On December 19, 2018 Seafarer Exploration Corp. (the Company) was
notified by Daszkal Bolton, LLP(“Daszkal Bolton”), the
Company's independent accounting firm, that DB had elected to cease
its services as the PCAOB auditors for the Company. On January 8,
2019, the Company engaged D. Brooks and Associates CPA’s,
P.A. (“Brooks and Associates”) as its new independent
accounting firm.
Other than for the inclusion of a paragraph describing the
uncertainty of the Company’s ability to continue as a going
concern (for the year ended December 31, 2017 and quarters ending
through September 30, 2018), Daszkal Bolton’s reports on the
Company’s financial statements for the year ended December
31, 2017 and quarters ending through September 30, 2018, contained
no adverse opinion or disclaimer of opinion and were not qualified
or modified as to audit scope or accounting
principles.
During the Company’s two most recent fiscal years and the
subsequent interim period preceding Daszkal Bolton’s
dismissal, there were: (i) no “disagreements” (within
the meaning of Item 304(a) of Regulation S-K) with Daszkal Bolton
on any matter of accounting principles or practices, financial
statement disclosure or auditing scope or procedure, which
disagreements, if not resolved to the satisfaction of Daszkal
Bolton, would have caused it to make reference to the subject
matter of the disagreements in its report on the consolidated
financial statements of the Company; and (ii) no “reportable
events” (as such term is defined in Item 304(a)(1)(v) of
Regulation S-K).
During the Company’s two most recent fiscal years and the
subsequent interim period preceding Brooks and Associates’s
engagement, neither the Company nor anyone on its behalf consulted
Brooks and Associates regarding either: (i) the application of
accounting principles to a specified transaction, either completed
or proposed, or the type of audit opinion that might be rendered on
the Company’s financial statements, and no written report or
oral advice was provided to the Company that Brooks and Associates
concluded was an important factor considered by the Company in
reaching a decision as to the accounting, auditing or financial
reporting issue; or (ii) any matter that was the subject of a
“disagreement” or “reportable event”
(within the meaning of Item 304(a) of Regulation S-K and Item
304(a)(1)(v) of Regulation S-K, respectively).
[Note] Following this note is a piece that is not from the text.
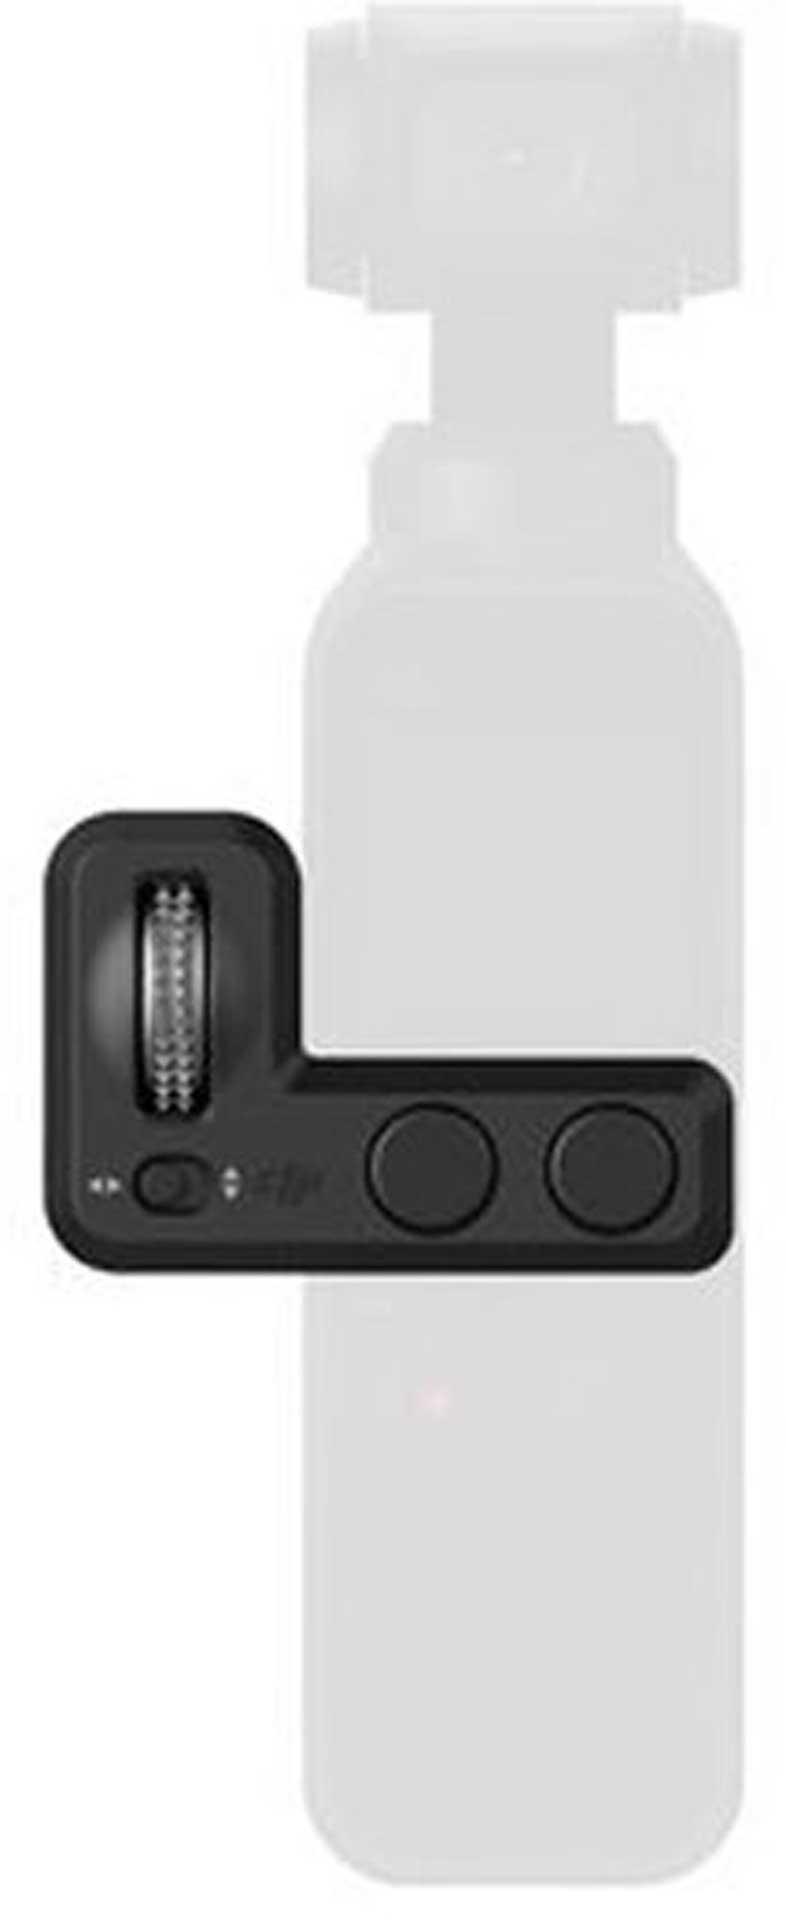 DJI OSM Pocket CONTROL CIAL PART 6

In approving the
selection of Brooks and Associates as the Company’s
independent registered public accounting firm, the Board of
Directors considered all relevant factors, including that no
non-audit services were previously provided by Brooks and
Associates to the Company. The Board of Directors also considered
Brooks and Associates’s ability to work with the Company to
file its reports in a timely manner.
The company has provided a copy of this report to Daszkal Bolton
and has requested that Daszkal Bolton furnish a letter addressed to
the Commission stating whether it agrees with the statements made
by the company and, if not, stating the respects in which it does
not agree. A copy of this letter is filed as an exhibit to
this report on Form 8-K
Item
9.01 Financial Statements and Exhibits.
(a)
Financial statements of businesses acquired. Not
applicable
(b) Pro
forma financial information. Not applicable
(c)
Shell company transactions. Not applicable
(d)
Exhibits.
SIGNATURES
Pursuant to the requirements of the Securities Exchange Act of
1934, the registrant has duly caused this report to be signed on
its behalf by the undersigned hereunto duly
authorized.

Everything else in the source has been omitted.